What is this? Anyone have a clue? It was mounted on the inside of our Westin Hotel room door.
I know, I could have asked hotel management. But you know—you check in late, catch an early flight the next morning… There’s not always time to satisfy curiosity.
9 Comments
The IR reader is for a remote so you don’t have to get up to turn on and off
You turn it on when you go to sleep and if anyone comes in then the alarm goes off. Its to make people feel safe and secur.
Guys its just a simple door alarm. It wire it has wire running to a sensor on the inside of the door jam.
Thanks, Chase. I’ve seen quite a few of these since.
You’re correct – it’s an INNCOM IR transmitter. It connects to the thermostat for energy savings. Designed for use in retrofit situations where a wired connection is not feasible. I believe that’s it’s sole purpose.
[…] makes sense. And it explains my earlier post, too. In fact, I received two interesting explanations simultaneously. The Mandarin […]

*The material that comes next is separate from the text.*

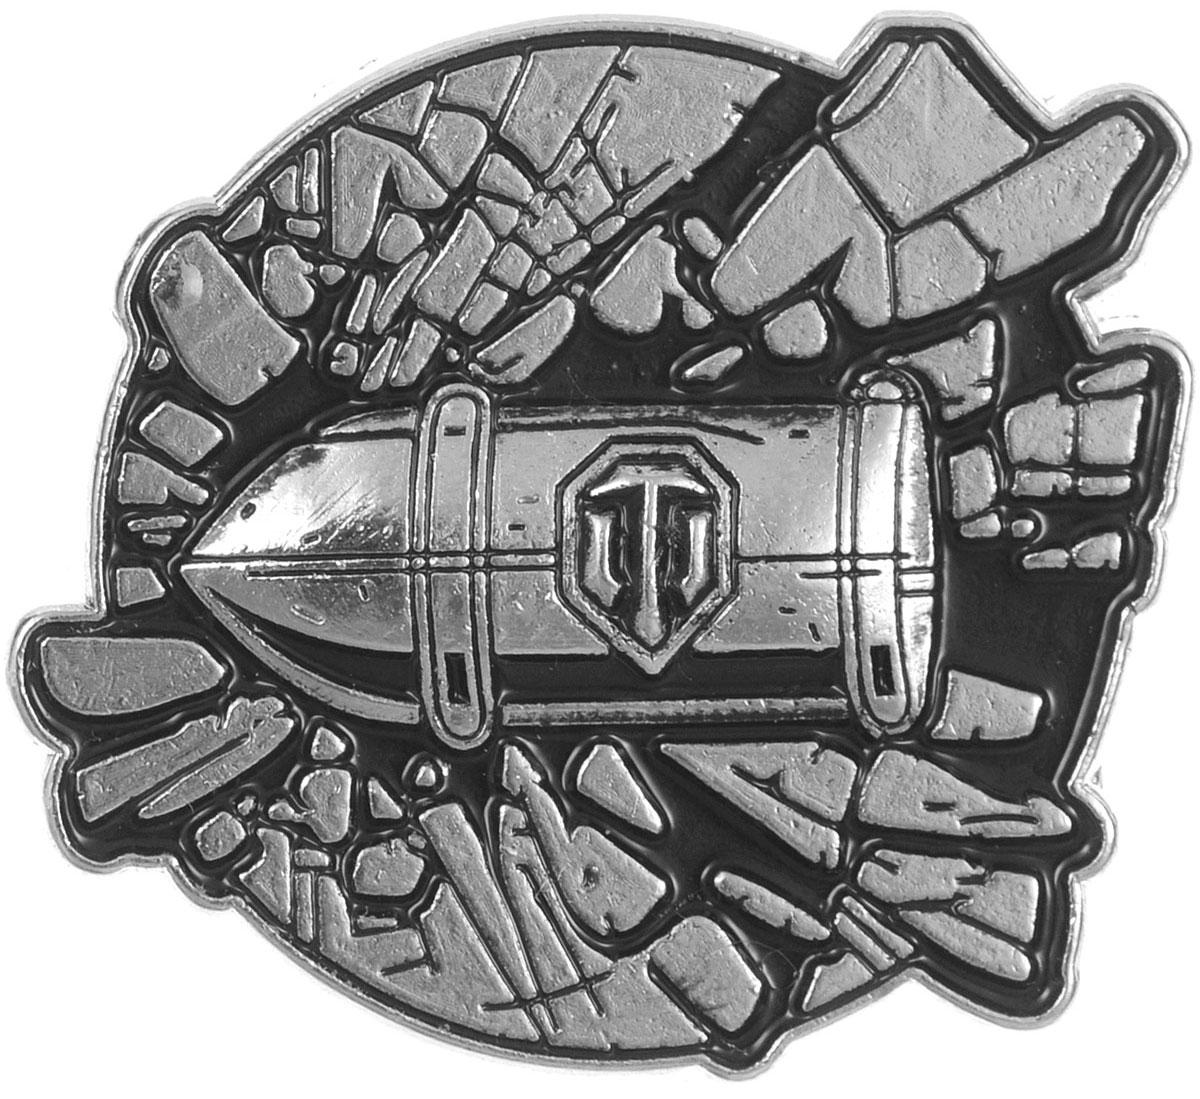 Значок World of Tanks Снаряд, цвет: серебряный. 1420RG-D31SЗначок Снаряд от World of Tanks изготовлен из цинкового сплава и оформлен объемным изображением летящего снаряда. Изделие крепится с помощью застежки-гвоздика.Значок - это важный аксессуар истинного игрока.

I hope they don’t start ringing up from the reception to complain there’s too much motion in your room or something. 😉
Thanks for your hypothesis, Tom! I’ve subsequently stayed in another hotel with a motion detector in the room, and this time I did ask. Answer to be published shortly in another “Hotel Oddities” post.
Interesting, I bet that was why we had the motion detector in our room in Spain
First time I saw one of these in a room I took it apart to make sure it wasn’t a spy cam. What I found in the manufacturer information indicated that it was a device that reported room occupancy back to a central system.
I believe what you have pictured here is an INNCOM S541 infrared wireless transmitter.
I’d imagine the primary reason is to make sure that they don’t have squatters (that is, that each room occupied is being billed), but you’d probably hear claims of being able to report occupancy to firefighters, emergency responders, etc.